Table 4 Parameter setting for city scenario

The proposed framework is designed considering challenges for the city, highway and rural areas. However, this paper only includes scenario of city logistic to analyze initial results for goodput and delay. For city logistic scenarios, Table 4 includes the parameter setting. The considered parameters include the environment size, total number of nodes, type and speed, packet size and type and considered simulation time. In such a scenario, where vehicles may responsible for transporting material for production unit to prepare product or delivering products from production unit to the distributors, retailers and warehouse. Consider an application, which is responsible for managing safety guideline and information flow for this particular scenario. A vehicle is performing a specific task and on each movement information is sent back to control room. Here, we are dealing only in city scenario where we considered constraints of safety application listed in Table 3 and changed speed of vehicles while moving sparse to dense network. For the comparative analysis, we selected node density and speed of vehicle in urban areas and for the comparison we calculated goodput and packet delay.

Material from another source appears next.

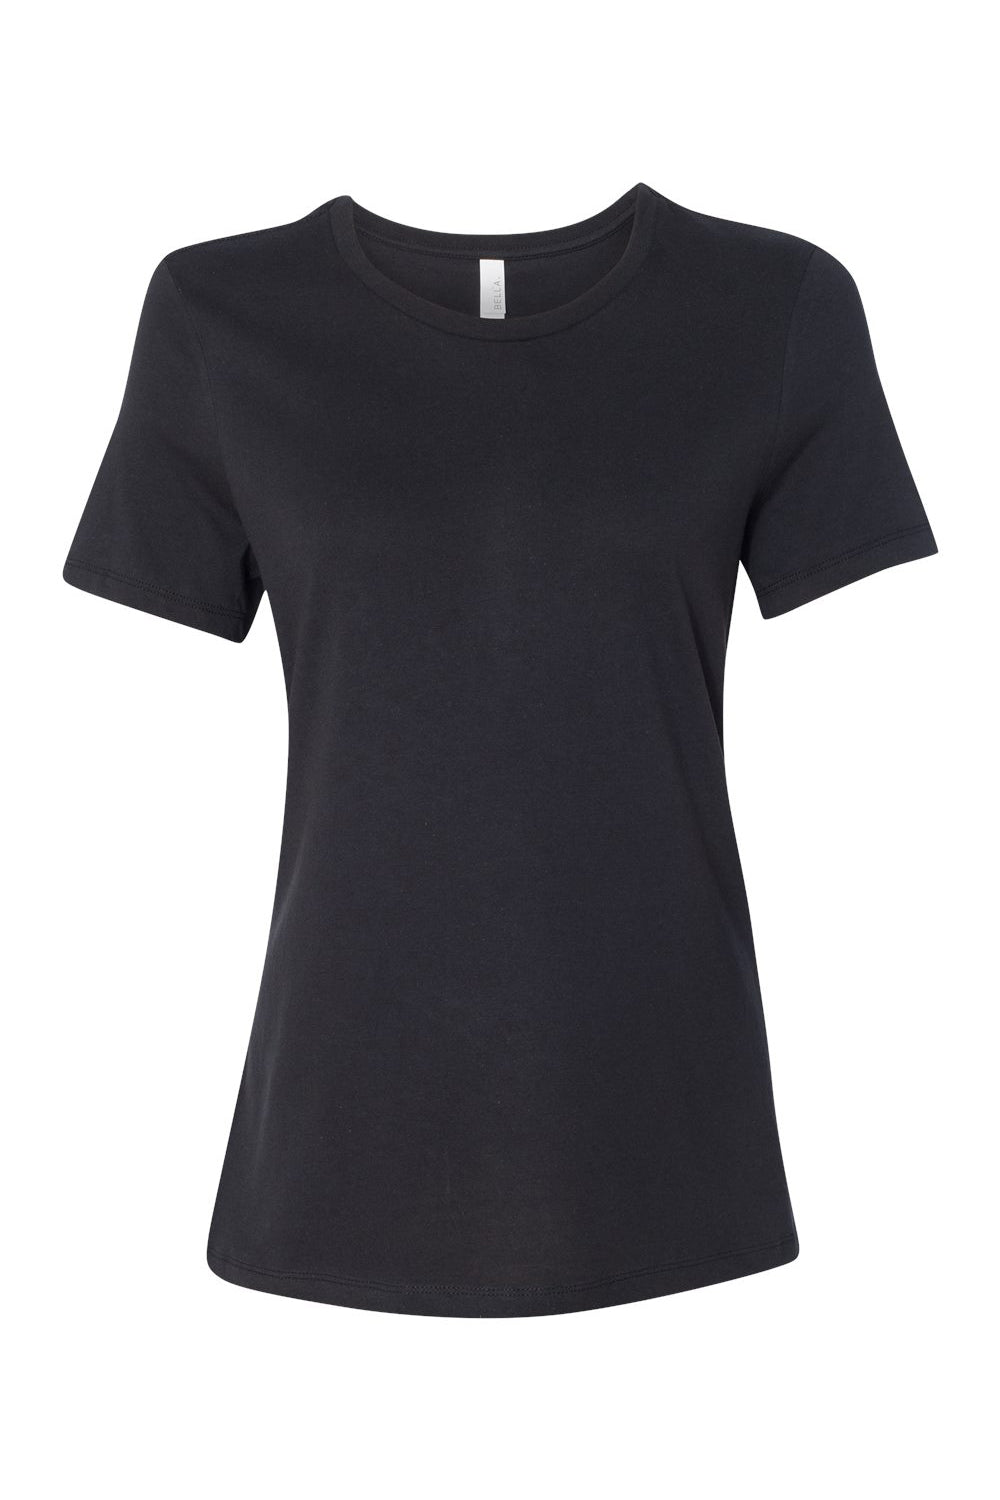 Bella + Canvas BC6400/B6400/6400 Womens Relaxed Jersey Short Sleeve Crewneck T-Shirt Vintage Black Flat Front

For evaluation, we examined the effect on the goodput and delay at low and high mobility. Constant-bit Rate (CBR) traffic flows were used in the simulation with packet size of 200 KB, which was kept constant. We imposed two other CBR flows of 500 Kbps, which acted as background traffic. Total 60 nodes were used in the scenario, which were moving at 50 km/h maximum speed and 30 km/h minimum speed. Results are shown in Fig. 4a and b. We observe that the goodput increases with the increase in number of vehicles in the network. A constant goodput is observed for safety packets with increase in number of nodes, and when we increase the speed of vehicles, the goodput remains same as it was observed at low speed due to link quality consideration for path selection at run time. As we mentioned, we considered only safety applications and the packet size in safety applications are small. Therefore, the graph shows a constant line for small packets with increased number of vehicles. In case of delay, with increase in number of vehicles, the increase in delay is negligible.

Fig. 4
figure 4

a Effect of mobility on delay; b Effect of mobility on goodput

5 Conclusion and Future Work

The Intelligent Transportation Systems (ITS) address issues regarding traffic management and road safety in Vehicular environment. VANET is the one of the enabling technology in ITS used for road safety, traffic management and logistics applications. It can also be deployed in the logistics and transportation to cope challenges of information flow with mobility of materials. With increase in number of vehicles, speed and the requirements of high bandwidth for new applications, VANET requires special attention for route optimization and security provisioning. In our work, we focused to improve routing mechanisms to tackle challenges in vehicular environment for reliable communication. Literature showed that VANET routing protocols focused on traditional topological based routing. The selection of these routing methods depends upon the nature of the networks and most focus on the particular scenario. Thus, a single routing method is not sufficient enough in meeting all the different types of required scenarios. In this work, we rapted on designing a routing protocol, which can provide a reliable and efficient solution for the path selection. In our work, we analyzed different adhoc routing protocols proposed for the different scenarios to figure out suitable routing metrics in each case. We also designed a basic framework to cope new application requirements. However, we only included basic results for city logistics scenario considering mobility. We are focusing on designing a routing protocol considering MAC and network layer parameters to cope with challenges in multiple scenarios. We will extend this model for other scenarios with particular parameters to make it adaptive in different scenarios.